Aria: a strategy DSL that compiles for CPU and GPU from the same bytecode (updated)
Follow-on to the gpu-backtest LOB post. This one is about the DSL side — bt-dsl, with Aria programs compiled to a bytecode that the same VM runs on CPU, CUDA, OpenCL, and Metal.
Why a DSL and not a Rust callback
The real reason is the GPU. A parameter sweep with 10K combinations wants 10K independent strategy executions in parallel. You can’t run a Rust closure on a CUDA/Metal shader. You can run a fixed-size instruction dispatch loop over Vec<Instruction> with per-scenario register overrides, which is what the VM does.
A secondary reason is iteration speed — strategies are data files you swap in and out, not Rust code you recompile.

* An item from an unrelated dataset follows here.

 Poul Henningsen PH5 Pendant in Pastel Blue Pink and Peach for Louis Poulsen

But the parameter-sweep framing I used in an earlier draft was a strawman: sweeping a parameter does not recompile a host-language backtest either; it just calls the same function with a different argument. The real gain is running the sweep on a GPU, and for that you need a shader-executable representation.
What Aria actually looks like
From strategies/momentum.aria in the repo:
signal sma_fast = sma(close, 10)
signal sma_slow = sma(close, 50)
signal trend_up = cross_up(sma_fast, sma_slow)

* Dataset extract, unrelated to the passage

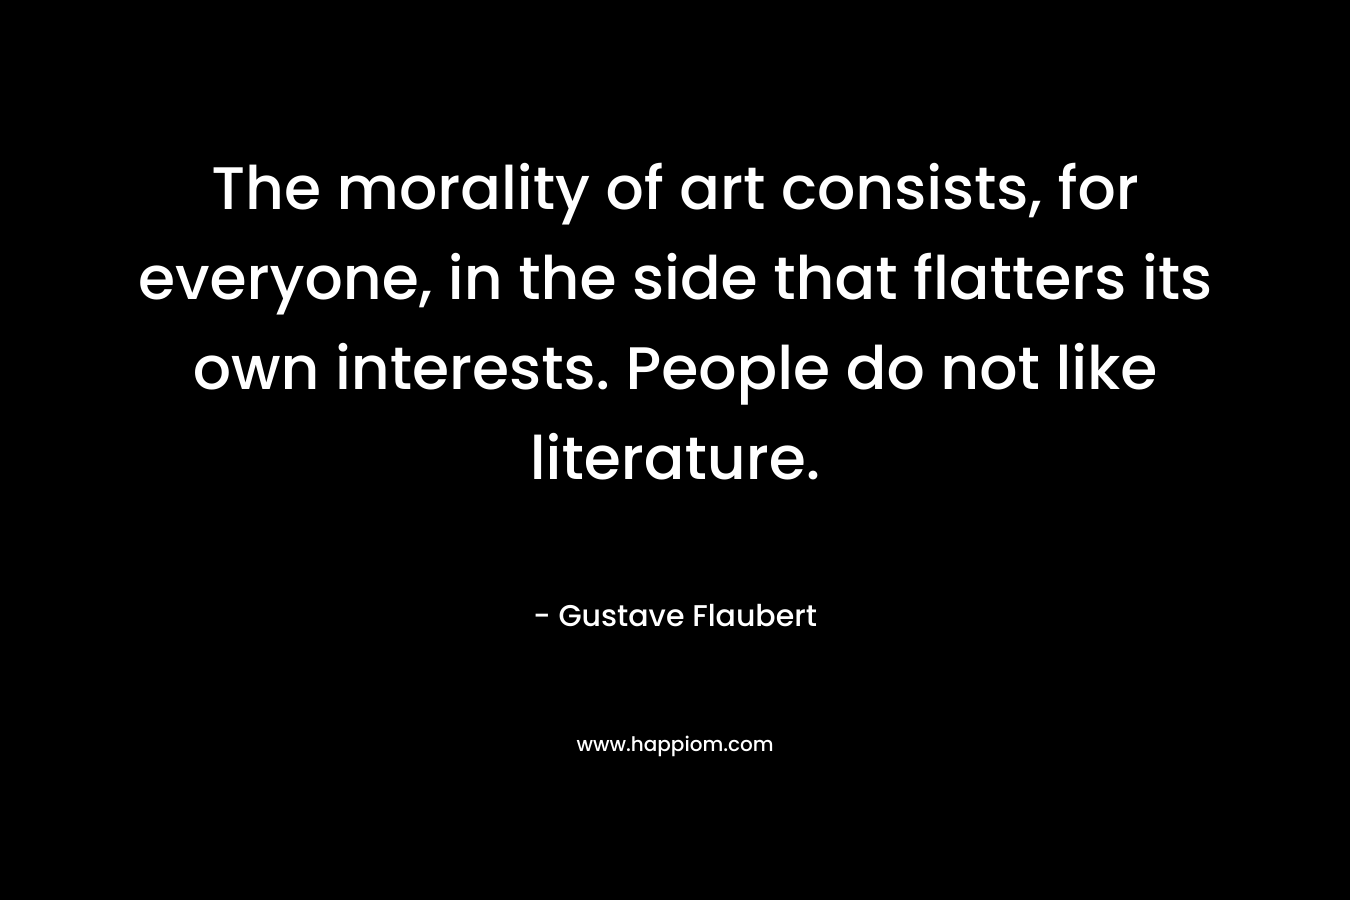 The morality of art consists, for everyone, in the side that flatters its own interests. People do not like literature.

signal trend_down = cross_down(sma_fast, sma_slow)
let position_size = 1.0
strategy momentum_crossover {
when trend_up -> buy(position_size)
when trend_down -> sell(position_size)
}
signal is a reactive binding that gets recomputed each tick. let is a compile-time constant. var x = 0.0 plus x := x + 1.0 gives you mutable state across ticks. The when cond -> action arm is the only control construct; there’s no if/then/else. That keeps the compiled program a straight line of conditional emits, which maps cleanly onto branchless GPU code.
Built-ins
From bt-dsl/src/bytecode.rs:
- Temporal / rolling:
sma,ema,run_max,run_min,cross_up,cross_down,prev. - Statistical:
stdev,zscore,percentile,linreg_slope,hurst_exponent. - Scalar math:
abs,max,min,exp,log. - Order actions:
buy,sell,flatten,limit_buy,limit_sell,vwap.
The pipe operator |> is lexed but is syntactic sugar for left-to-right composition; it doesn’t introduce any new semantics.
Compiler and bytecode
Pipeline under bt-dsl/src/: lexer.rs → parser.rs → ast.rs → compiler.rs → bytecode.rs. Output is a CompiledProgram with a Vec<Instruction>, a constants pool, and register/state slot counts. Each instruction is 10 bytes, #[repr(C)] for direct GPU upload.
The Opcode enum has 46 distinct variants grouped as: data loading (8), arithmetic (11), comparison (6), logic (3), branchless Select (1), temporal (6), order emission (5), statistical (5), and Halt. The repo README says “44 opcodes” — that figure predates LinRegSlope and HurstExponent being added; take the count from the enum, not the README.
One detail worth calling out: vwap(qty, duration) is parsed and type-checked like any other order action, but compiler.rs:180 lowers it to a plain EmitBuy. The bytecode VM is not responsible for time-slicing; the OMS in bt-oms does the VWAP scheduling using the duration as a target horizon. At the VM level, VWAP is a buy.
Compilation is fast enough to be a non-issue: compile_full_strategy runs in 6.1 μs in cargo bench (Apple M4). If you wanted to JIT a new program per walk-forward window, you could.
VM
vm_cpu.rs for the CPU path (native Rust, straight instruction dispatch loop). vm_gpu.rs marshals the same CompiledProgram into a buffer that CUDA / OpenCL / Metal kernels (gpu/src/{cuda,opencl,metal}/vm_kernel.*) execute per thread.
For parameter sweeps, bt-optimizer/src/batch.rs packs N parameter sets as a flat SoA buffer indexed overrides[param_idx * num_scenarios + scenario_idx]. Each GPU thread reads its scenario’s overrides into the VM’s input registers before the dispatch loop starts. One bytecode program, N parameter vectors, no recompilation.
What I’d do next
- A small type-checker pass between parser and compiler. Today you can write
stdev(cross_up(...), 20)and get a compiled program that produces nonsense; the compiler doesn’t distinguish series-valued from boolean-valued signals. - A bytecode disassembler that prints opcodes alongside the source line that produced them, to make optimisation passes debuggable.
- Constant-folding and dead-signal elimination. Today, an unreferenced signal still emits its bytecode.
- A GPU-vs-CPU VM parity test in CI that runs the same program on both paths over a shared fixture and diffs per-tick register values.